Pilibanga (also spelt as Pilibangan) is a town and a municipality in Hanumangarh district in the Indian state of Rajasthan.

==Geography==
Pilibanga is located at . It has an average elevation of 173 m.

==Demographics==
As of 2001 India census, Pilibanga had a population of 33,607. Males constituteted 53% of the population and females 47%. Pilibanga has an average literacy rate of 58%, lower than the national average of 59.5%: male literacy is 66%, and female literacy is 48%. In Pilibanga, 15% of the population is under six years of age.

== Transport ==
Auto rickshaws And Cycle rickshaws are majorly used for internal transport.

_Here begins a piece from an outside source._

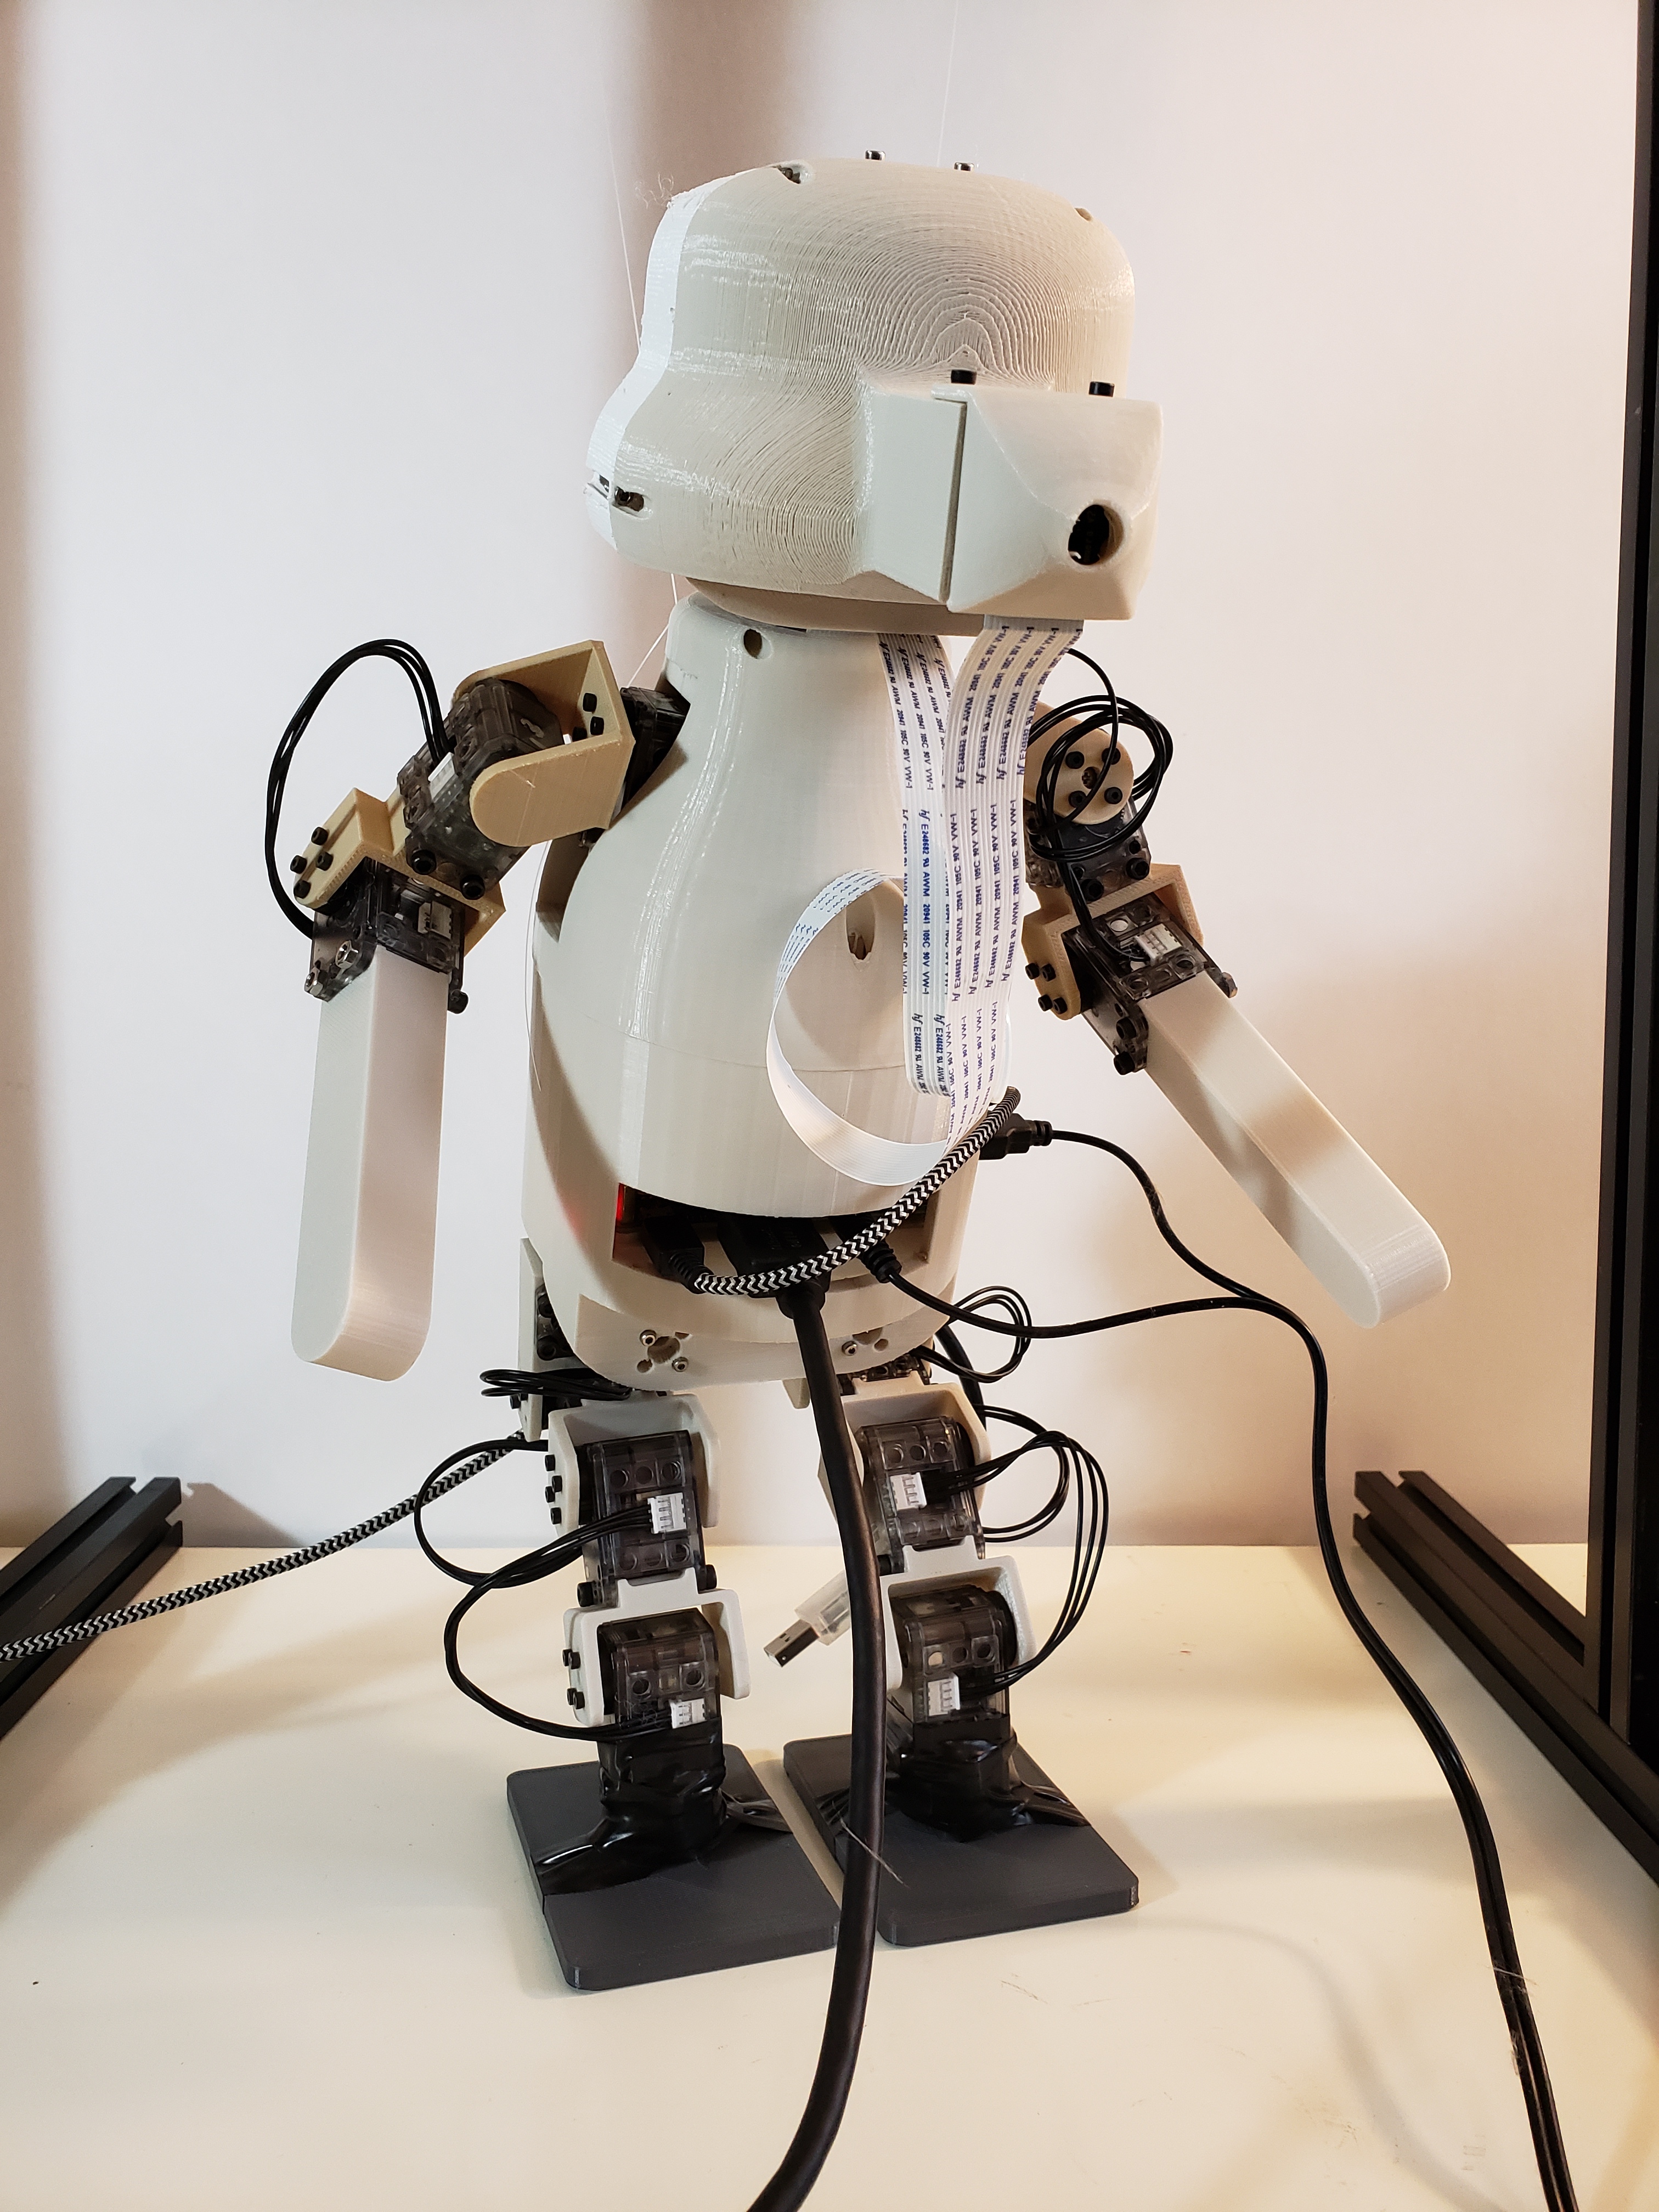 Teddy (A Learning Robot)

Pilibangan is well connected with road and is linked directly to Delhi, Jaipur, Ludhiana, Chandigarh, Sikar, Karnal, Haridwar, Bathinda, Ambala, Jodhpur and many other cities. Nation Highway 15 passes through Pilibangan. Pilibanga railway station has daily train services to Delhi via Bhatinda, Ahmedabad via Jodhpur and Jaipur via Bikaner.

Nearest Airport to Pilibangan is 145 km away in Bhatinda which as direct flight to New Delhi operated by Alliance Air (India).